The Fed inches closer to cuts

Tony A. Rodriguez
Head of Fixed Income Strategy, Nuveen
A closeup of the eagle on a dollar bill.

The U.S. Federal Reserve left interest rates unchanged at its January meeting, as expected, but continued to signal that rate cuts will begin this year.

What happened?

The U.S. Federal Reserve kept interest rates at 5.25% - 5.50%, remaining at their 22-year high. Despite the lack of updated economic projections at this meeting, the policy statement contained substantial revisions, which leaned hawkish overall.

The policy statement removed the reference to “additional policy firming that may be appropriate,” which had kept the door open to additional rate hikes. The statement now reflects the move toward rate cuts this year, though it said that the FOMC does “not expect it will be appropriate to reduce the target range until it has gained greater confidence that inflation is moving sustainably toward 2%.” Separately, the statement also added a new reference to both halves of the mandate, inflation and unemployment, “moving into better balance.”

In his press conference, Chair Powell explicitly said that a cut at the next meeting in March is “not the most likely case.” He reiterated that the committee needs more confidence and wants to see more evidence that inflation is truly on a path to the 2% target.

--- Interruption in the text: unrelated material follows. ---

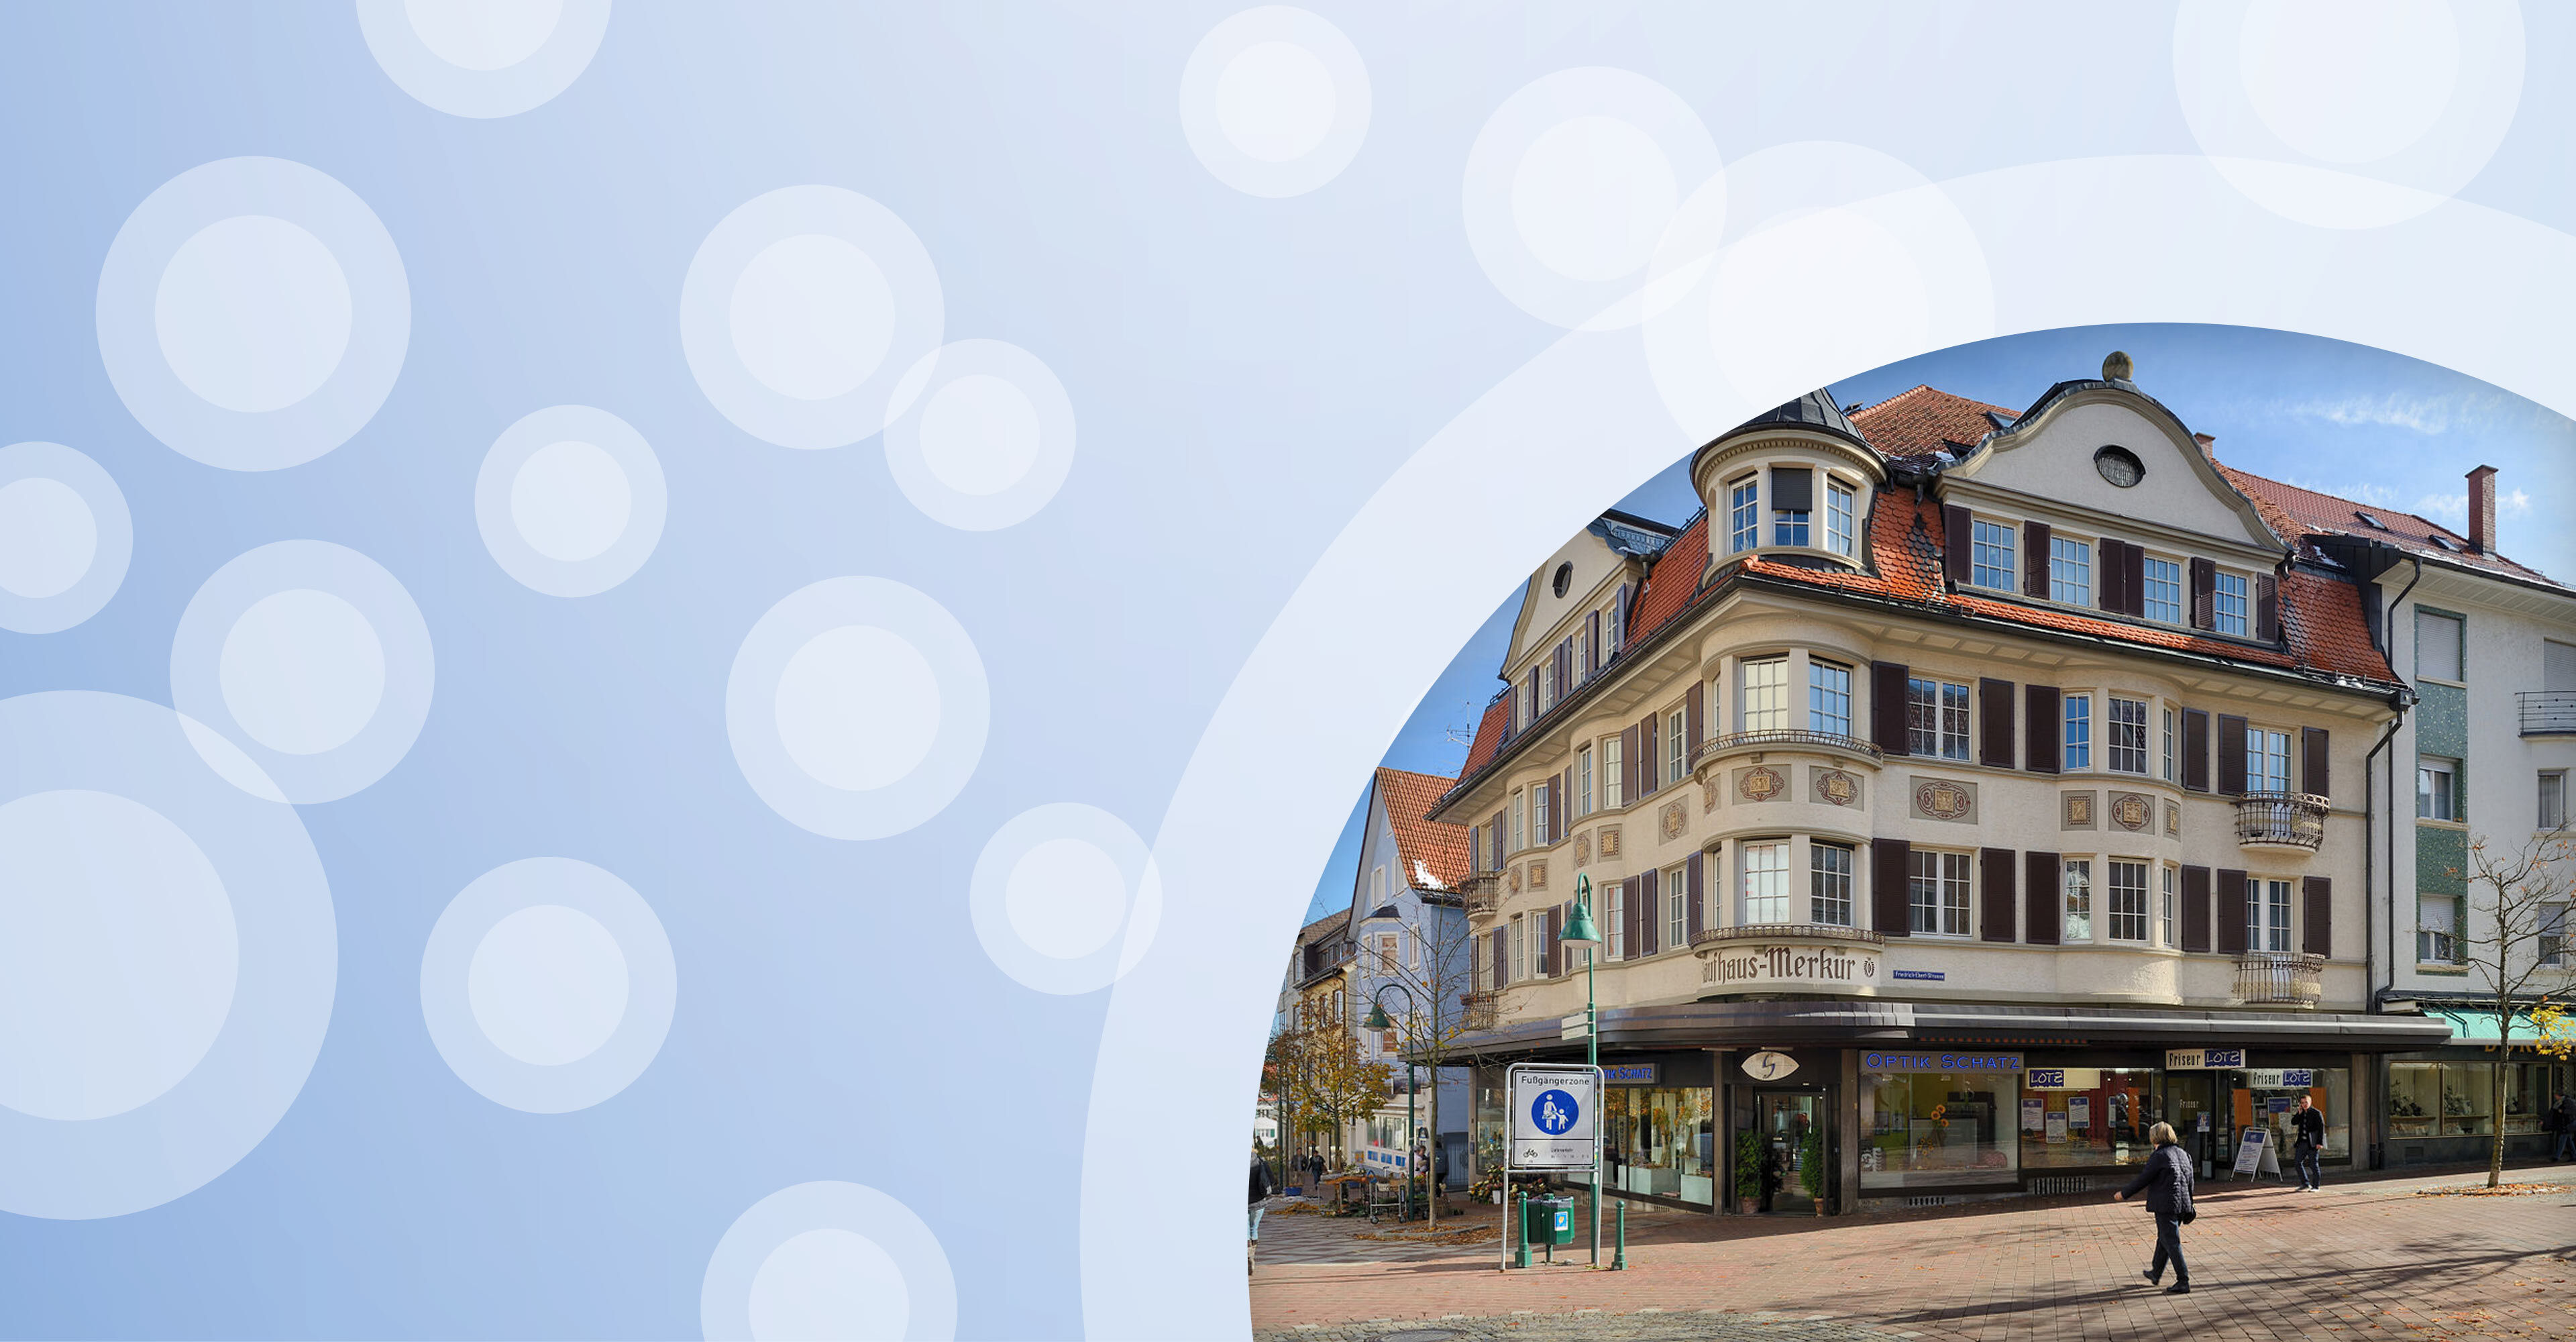 Regionalgrafik in hellblau mit halbtransparenten weißen Kreisen und Foto von historischem Gebäude in Villingen-Schwenningen

Overall, today’s meeting remains consistent with rate cuts this year as inflation moderates and downside risks to growth increase. However, the market-implied odds of a cut by March, which had reached as high as 78% before the meeting, are now down to around 37%. We continue to expect rate cuts to start closer to midyear. 

Recent data has supported a soft landing

The most important development since the last meeting has been the continued, surprisingly robust progress on disinflation. Core PCE inflation ended 2023 at +2.9% year-over-year, notably lower than the Fed’s projection from earlier in December (+3.2%) and significantly lower than its projection from last June (+3.9%). There has been continued progress in all the key areas, including housing, core services and durable goods, though the former two categories remain uncomfortably high.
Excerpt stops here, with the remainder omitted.